Lucia spared him all the embarrassments of that approach As if she had divined his feeling, she turned, she came forward to meet him, she held out her hand and smiled as she would have smiled if nothing had happened.

His hand trembled visibly as it dropped from hers. He hid it in his breast pocket, where it pretended to be looking for things.

"Miss Palliser said she thought you would see me—"

"Yes, I wanted to see you; I would have sent for you if you had not come. Sit down, please."

She sat down herself, in her old place at the writing table.

He took the chair beside her and leaned back, resting his arm on the table. She turned so as to face him.

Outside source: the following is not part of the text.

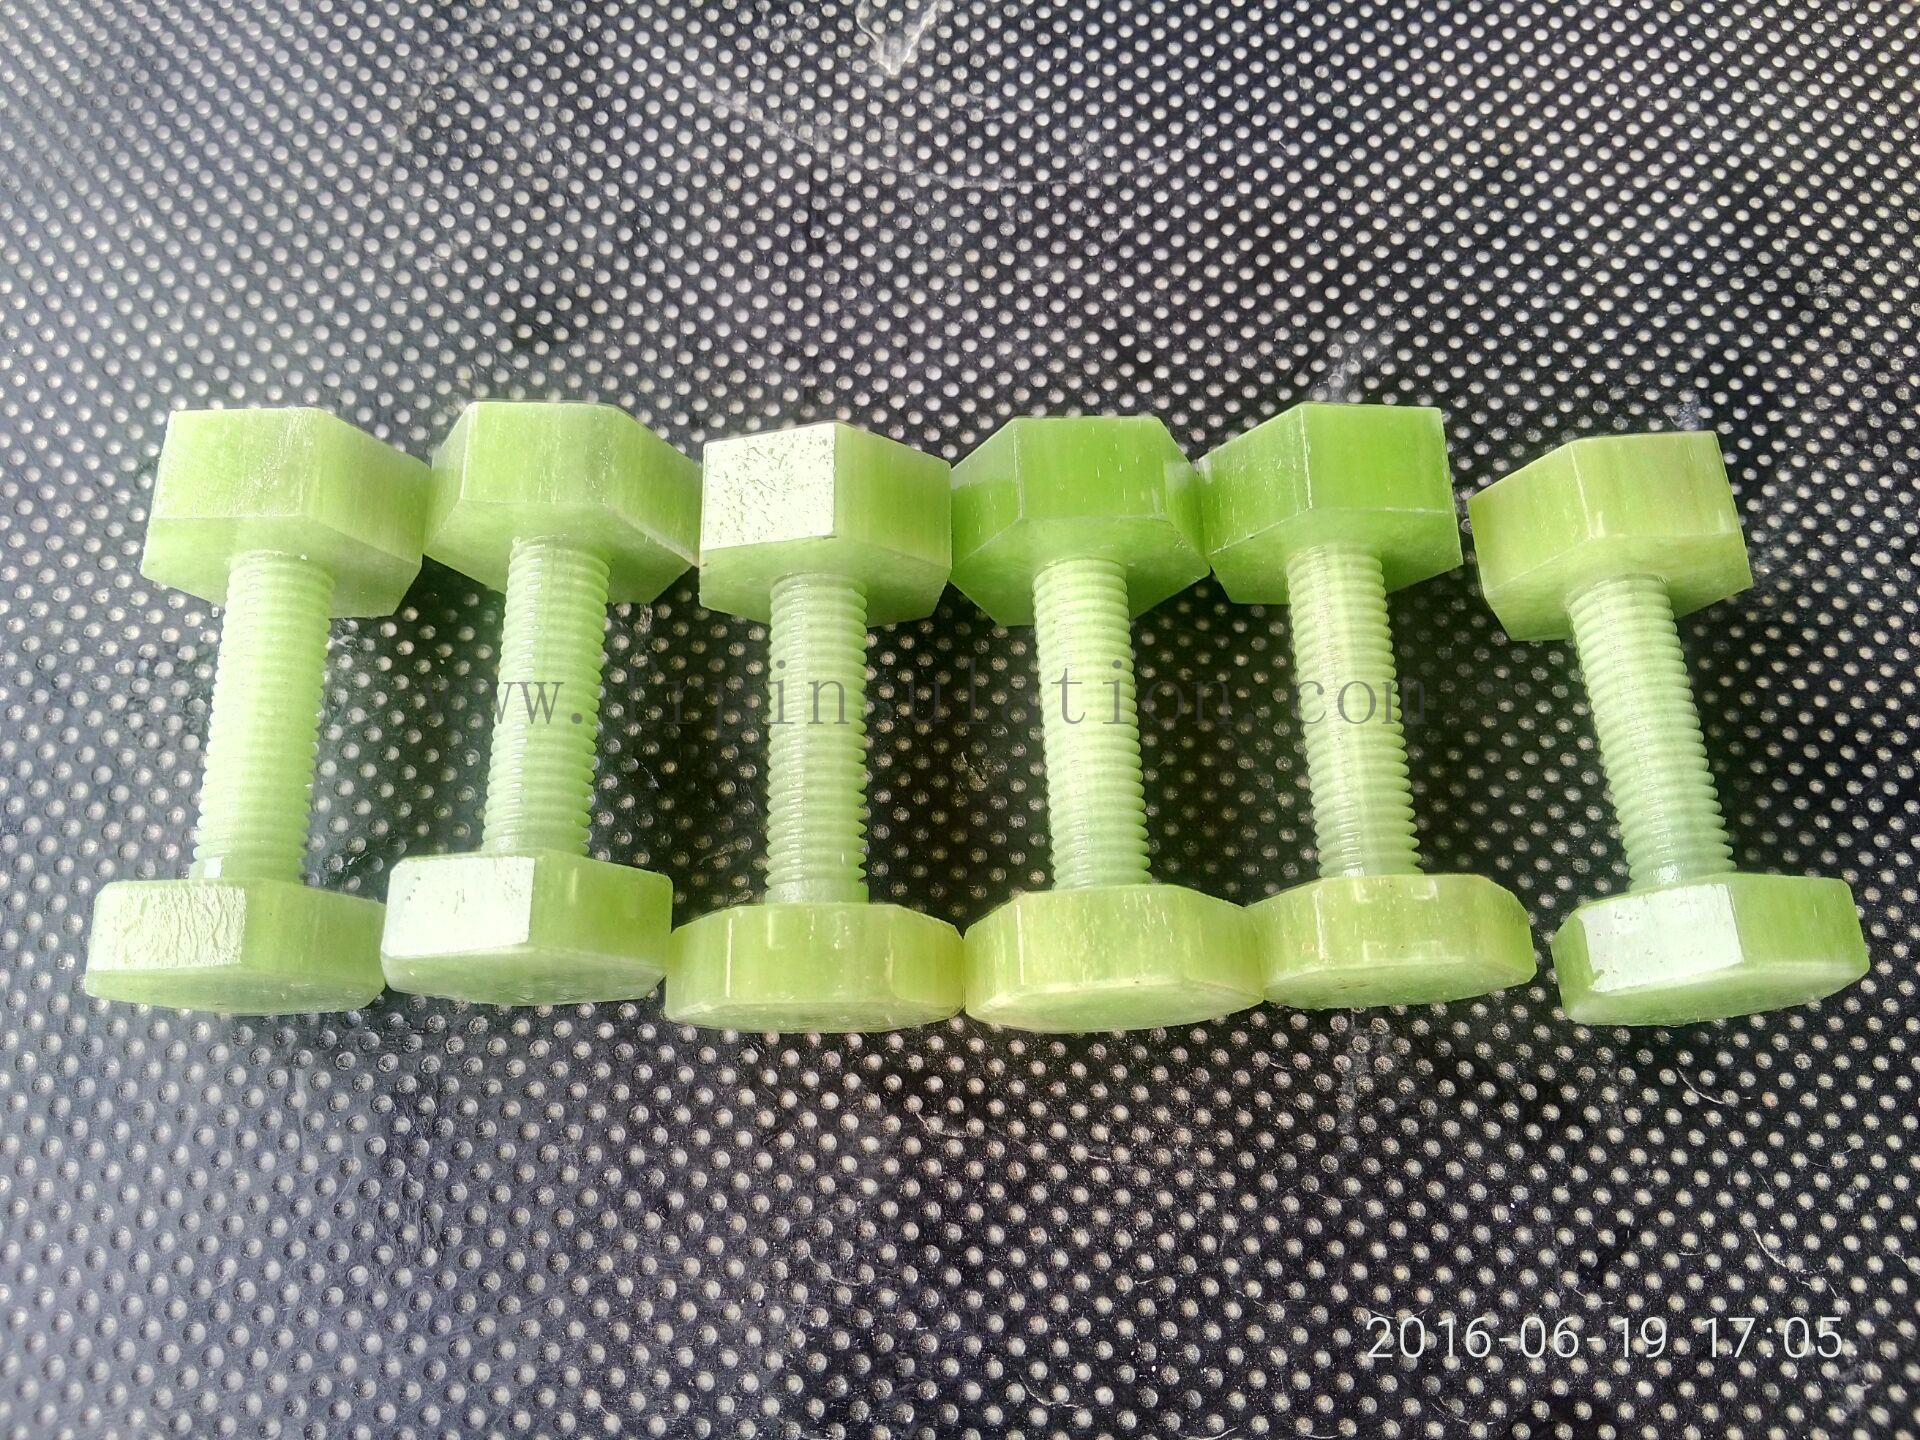 Insulation bolts

She was not so changed but that his hungry and unhappy eyes could rest on her, appeased and comforted. And yet she was changed, too. Her girlhood, with all its innocence of suffering, had died in her. But the touch of that death was masterly, it had redeemed her beauty from the vagueness of its youth. Grief, that drags or sharpens or deforms the faces of older women, had given to hers the precision that it lacked. There was a faint sallow tinge in the whiteness of her skin, and her eyelids drooped as if she were tired to the point of exhaustion. He noticed, too, the pathetic tension that restrained the quivering of her mouth. It was the upper lip that trembled.

"You have been ill?" she said.

And as he answered that, "Oh, it was nothing," he was aware for the first time how very much it had been. She too was aware of it.

She expressed her concern; she hoped that they had looked after him well at the hotel.